- Date: December 22, 2004
- Season: 2004
- Stadium: Ladd–Peebles Stadium
- Location: Mobile, Alabama
- MVP: Bowling Green QB Omar Jacobs
- Referee: Jim Lapetina (Big Ten)
- Attendance: 29,500

United States TV coverage
- Network: ESPN
- Announcers: Mark Jones (Play-by-Play) Bob Davie (Analyst) Holly Rowe (Sidelines)

= 2004 GMAC Bowl =

The 2004 GMAC Bowl was an American college football bowl game. It was part of the 2004 NCAA Division I-A football season, and was the 6th edition. It was played in December 2004, and featured the Memphis Tigers, and the Bowling Green Falcons.

==Game recap==
Before the game, heavy rains soaked the field and continued through almost the whole game. Running back PJ Pope scored on a 1-yard touchdown run, to give Bowling Green an early 7–0 lead.
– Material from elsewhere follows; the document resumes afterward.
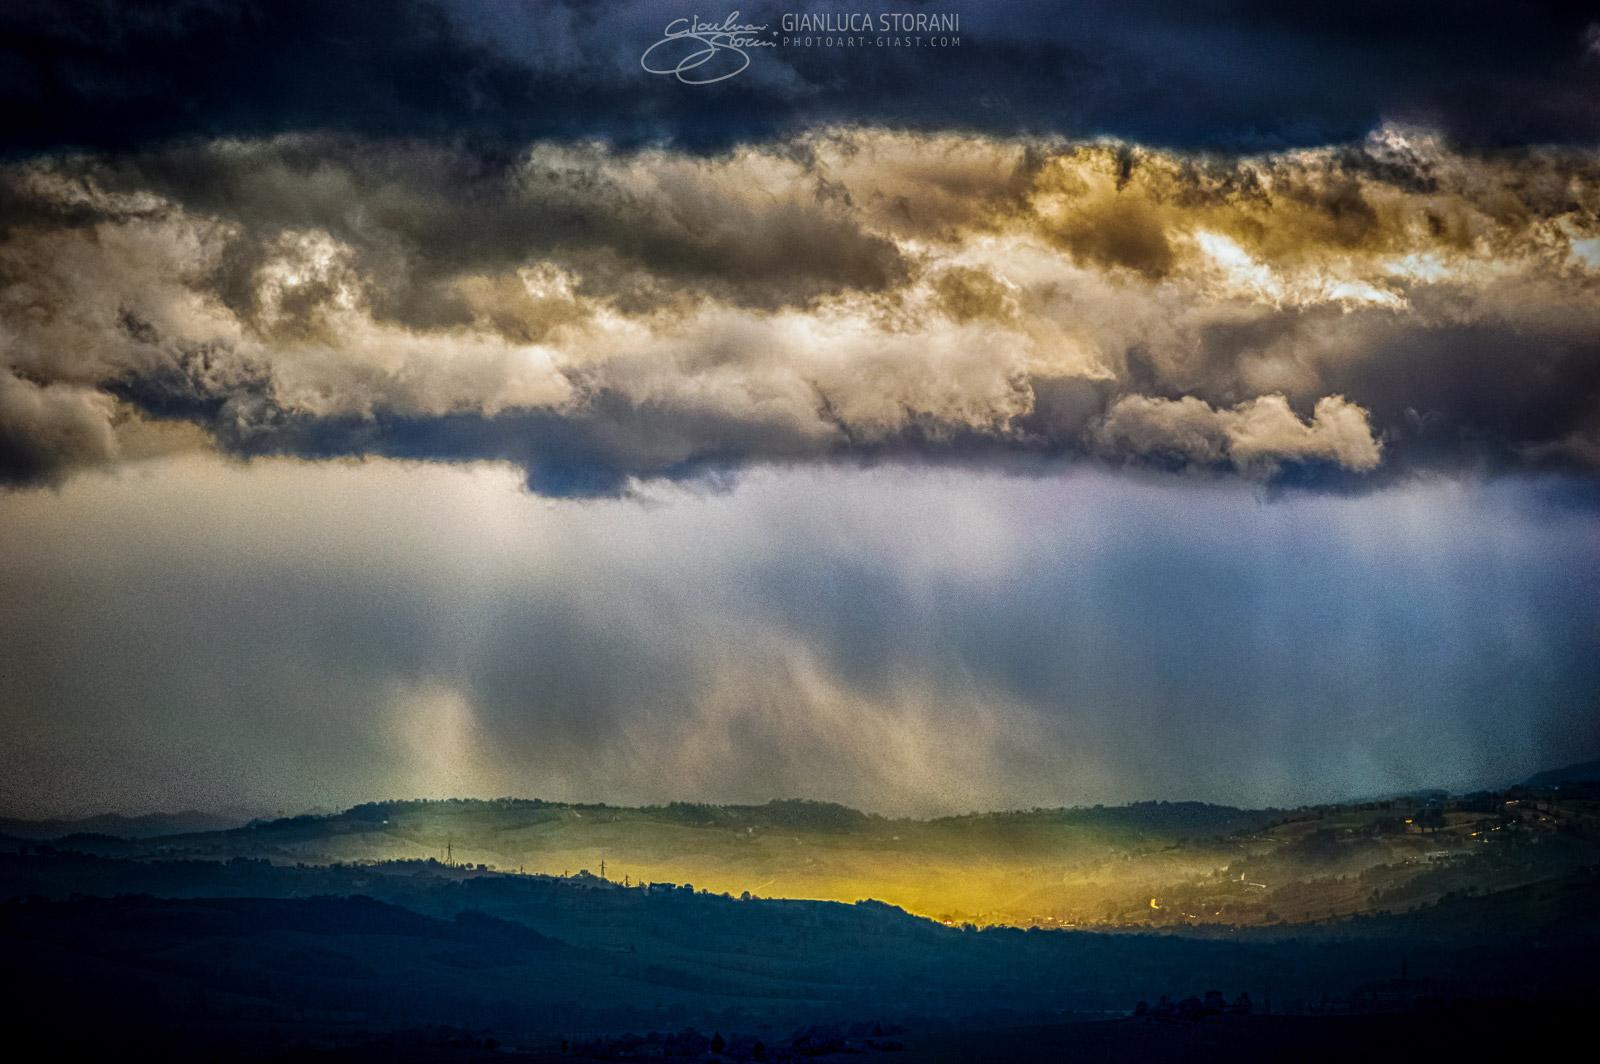 Raggi dorati nel buio - Gianluca Storani Photo Art (ID: 2-1385)

Quarterback Omar Jacobs threw an 18-yard touchdown pass to wide receiver Charles Sharon, stretching the lead out to 14–0. Memphis's quarterback Danny Wimprine threw a 42-yard touchdown pass to John Doucette to cut the lead to 14–7. Omar Jacobs again hooked up with Charlie Sharon, this time on a 36-yard touchdown pass to gain a 21–7 lead after the 1st quarter.

In the second quarter, Danny Wimprine found wide receiver Chris Kelly for a 61-yard touchdown pass, to get within 21–14. Omar Jacobs found Steve Sanders for a 31-yard touchdown pass to extend the lead to 28–14. Danny Wimprine found Maurice Avery for a 38-yard touchdown pass, and the lead was 28–21. DeAngelo Williams later scored on a 31-yard touchdown run to tie the game at 28.
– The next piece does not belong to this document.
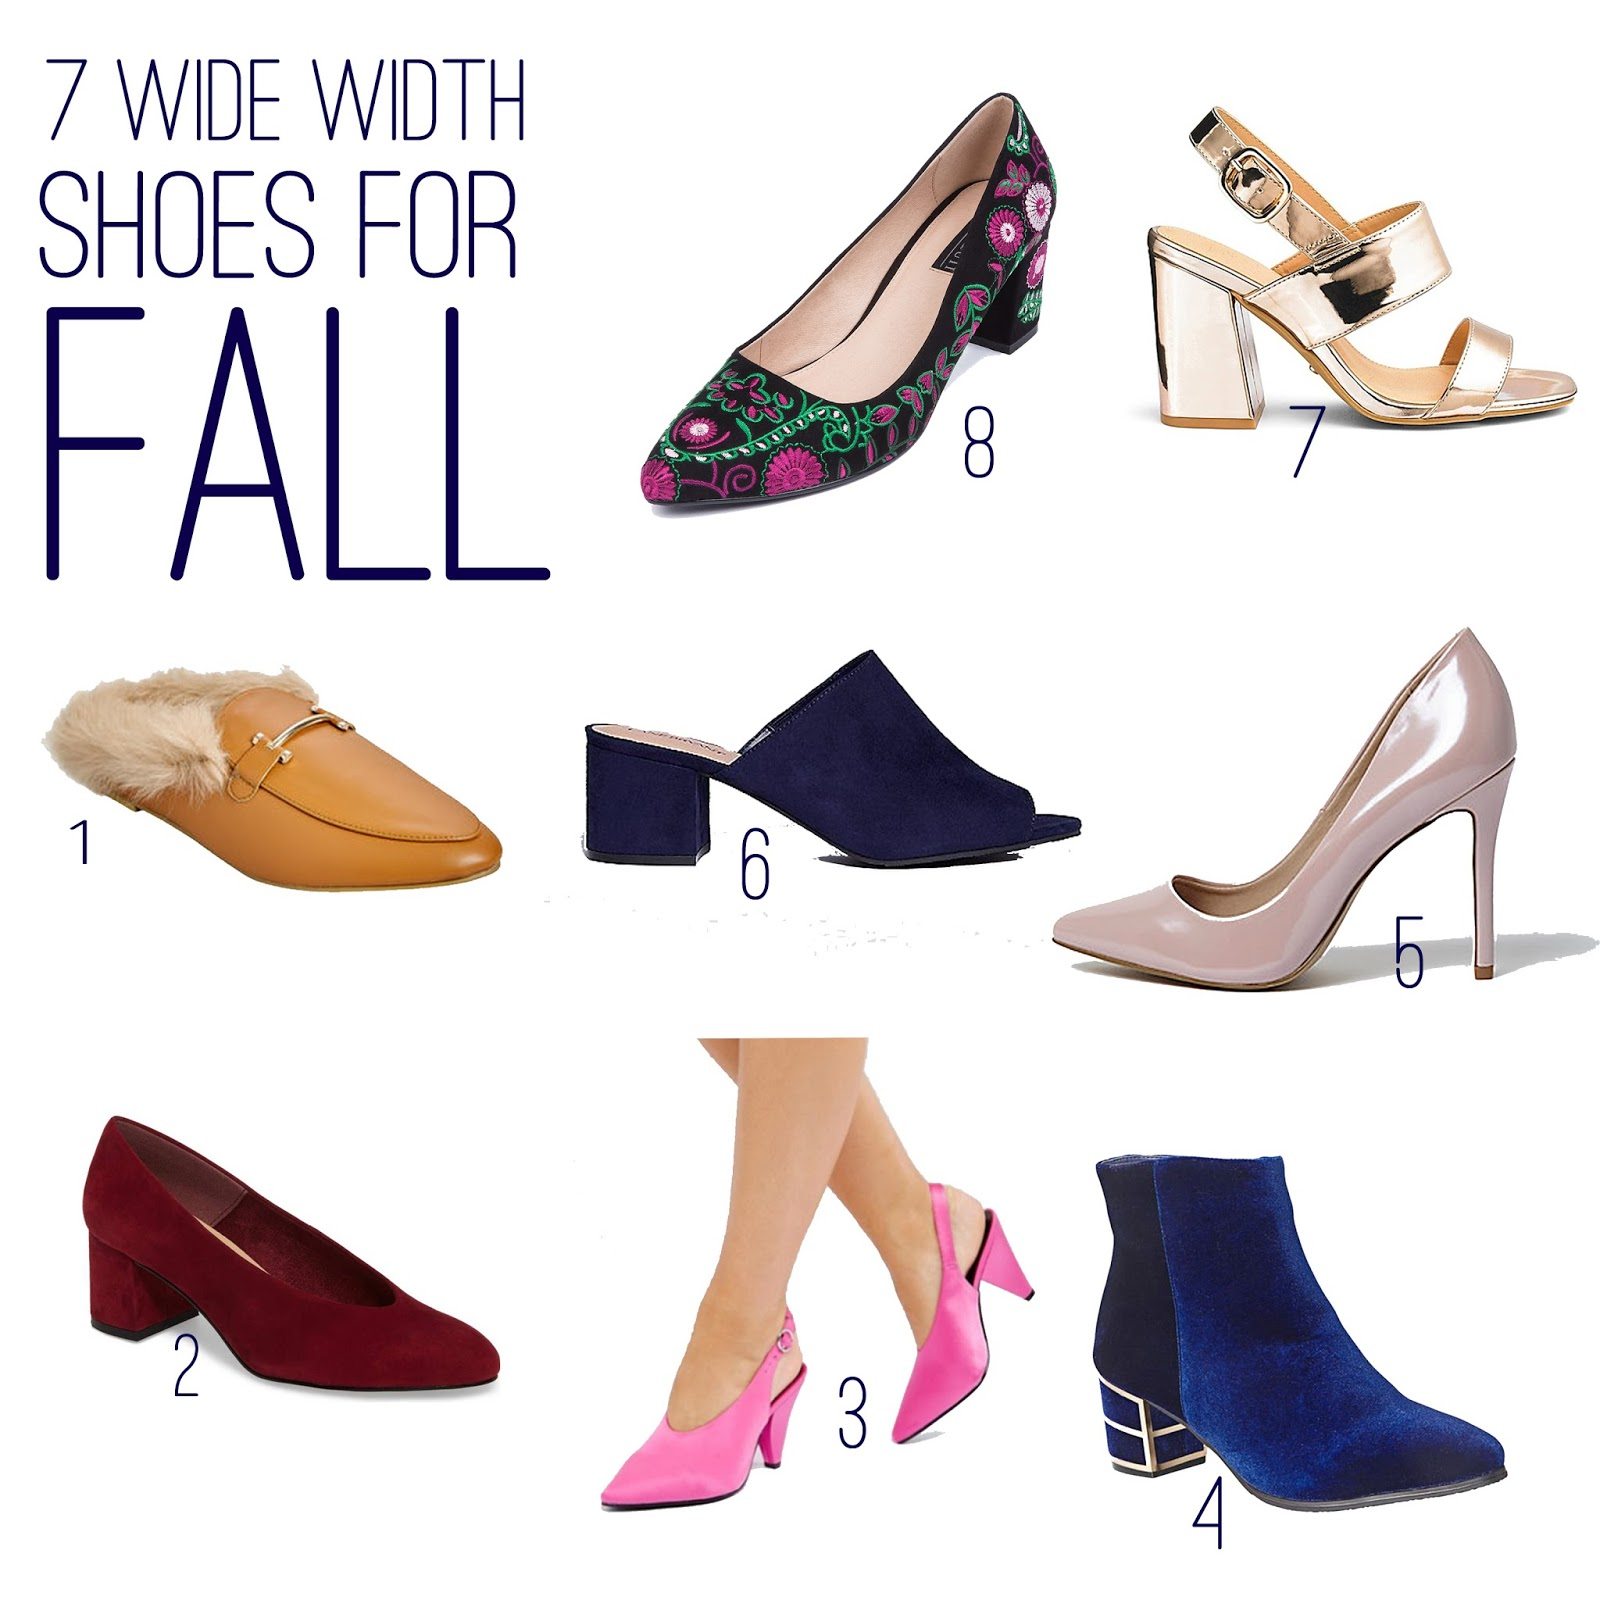 cc75de06926 7 Wide Width Shoes for Fall - Garnerstyle

Before halftime, Omar Jacobs found Steve Sanders again, this time for a 17-yard touchdown pass to regain the lead at 35–28. In the third quarter, he threw a 13-yard touchdown pass to PJ Pope, to extend the lead to 42–28. A Shaun Suisham field goal increased the lead to 45–28. A PJ Pope touchdown run in the fourth quarter increased the lead to 52–28. John Doucette scored on a 14-yard touchdown pass from Danny Wimprine, to make the final score 52–35.